### Available data
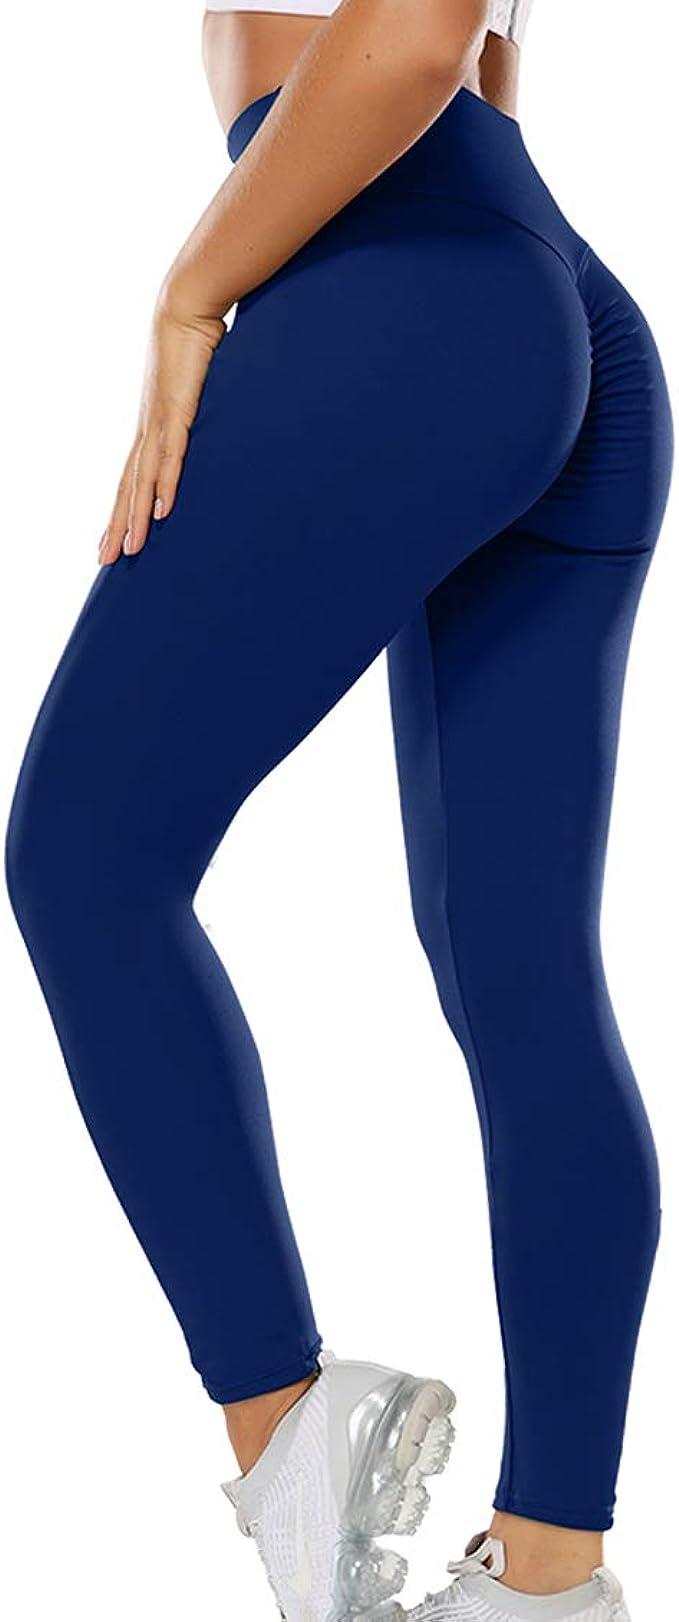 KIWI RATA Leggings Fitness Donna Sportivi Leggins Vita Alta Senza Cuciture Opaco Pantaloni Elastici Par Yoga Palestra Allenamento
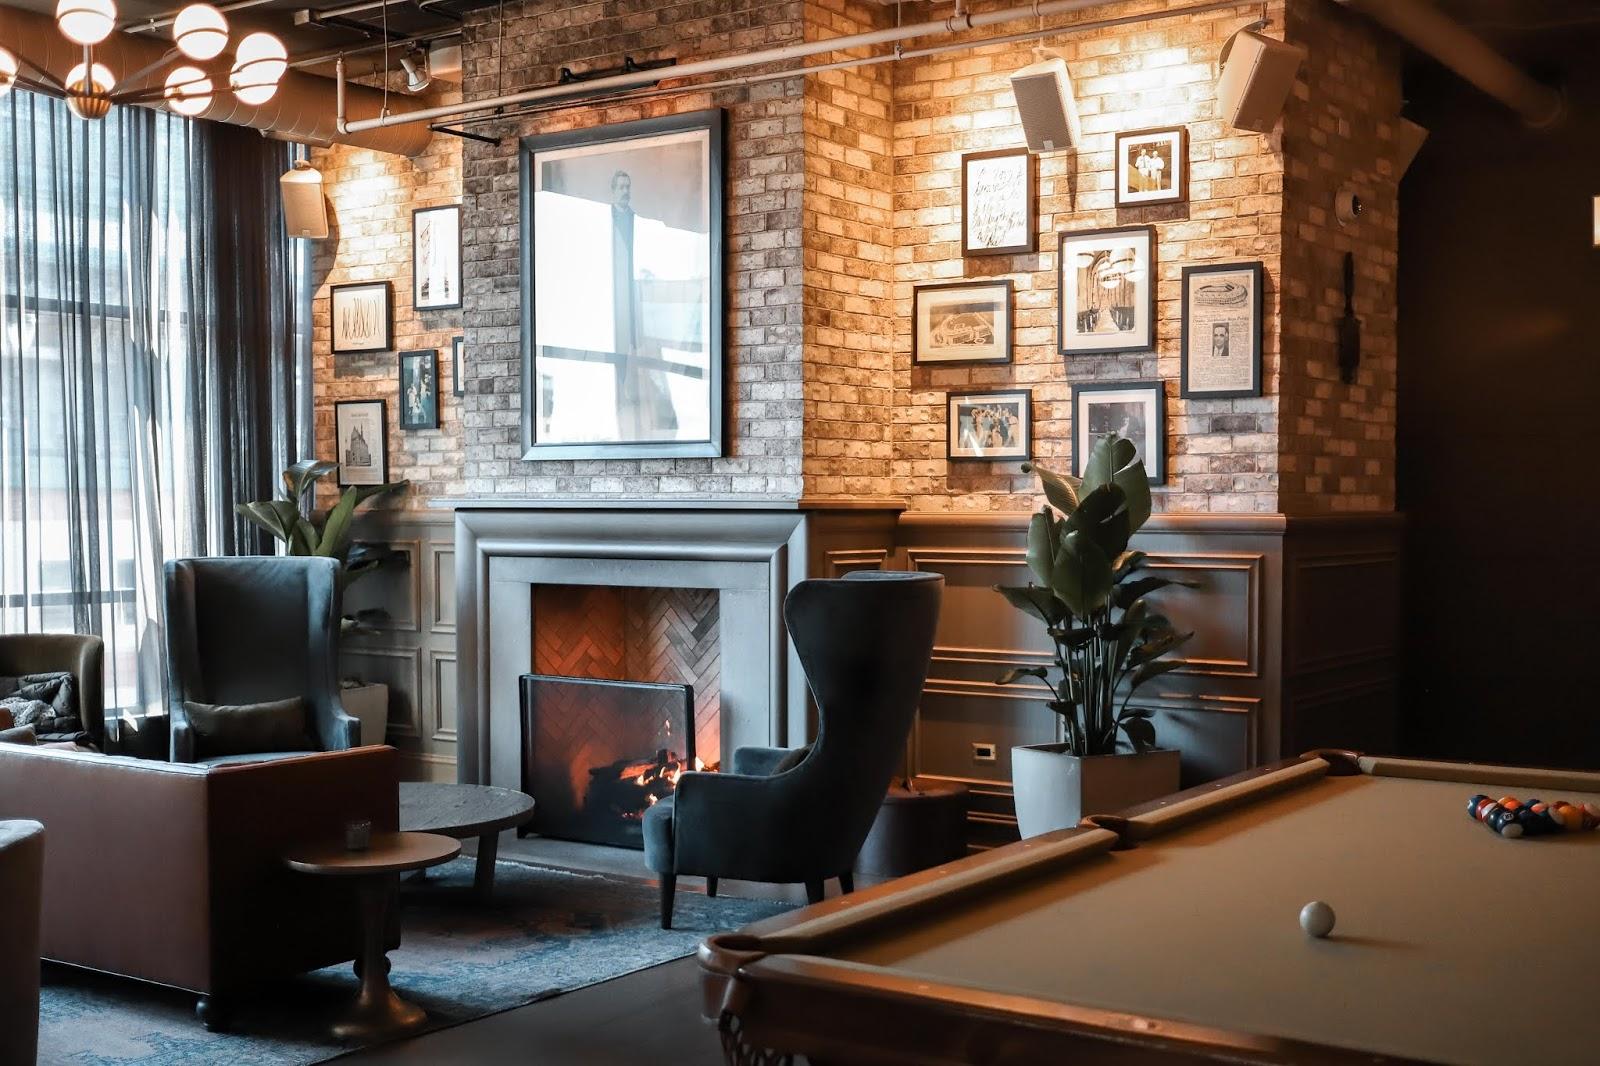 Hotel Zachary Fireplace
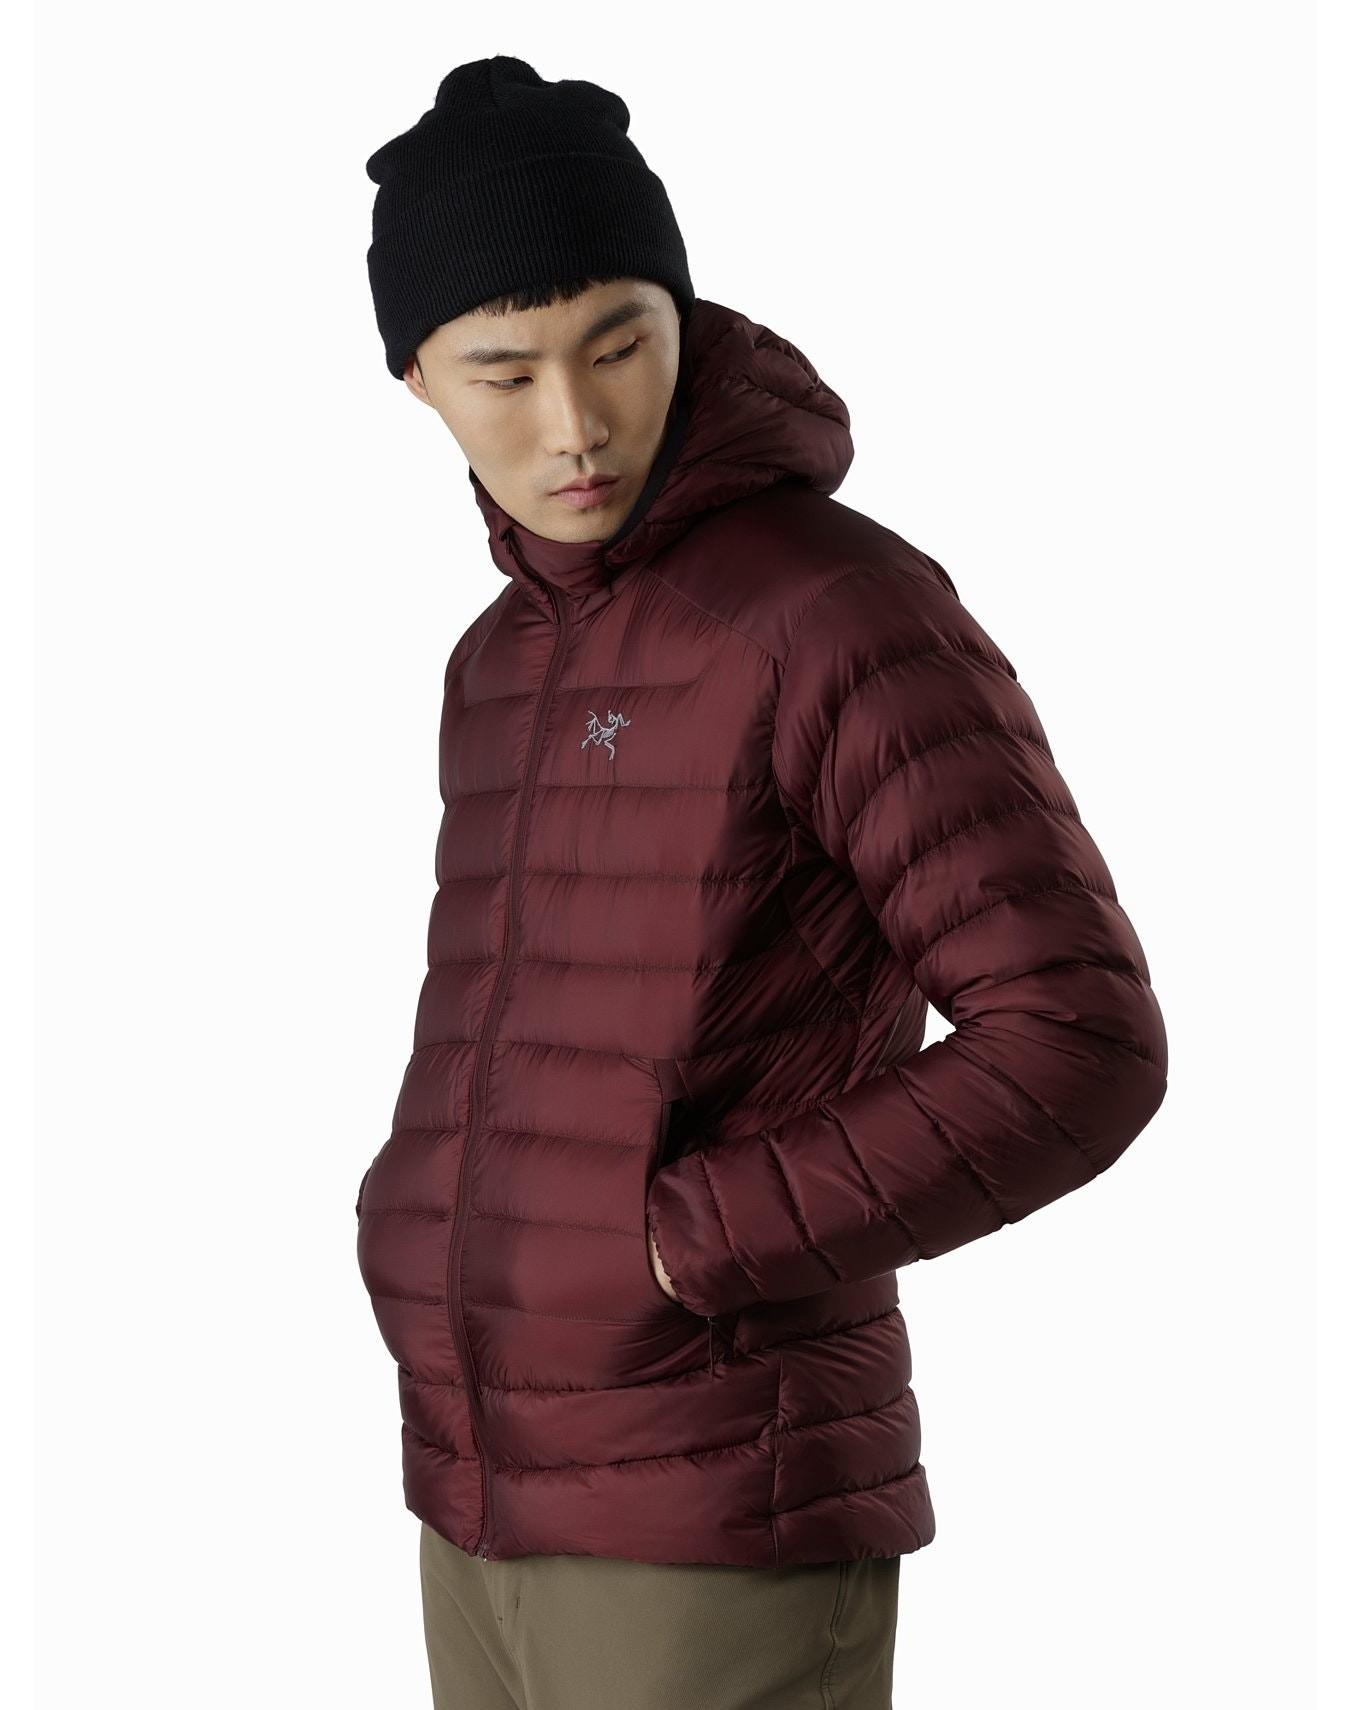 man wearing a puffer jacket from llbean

### What is needed
Return the full listing exactly as written, without any of its images.

### Answer below
 KIWI RATA Leggings Fitness Donna Sportivi Leggins Vita Alta Senza Cuciture Opaco Pantaloni Elastici Par Yoga Palestra Allenamento
 Hotel Zachary Fireplace
 man wearing a puffer jacket from llbean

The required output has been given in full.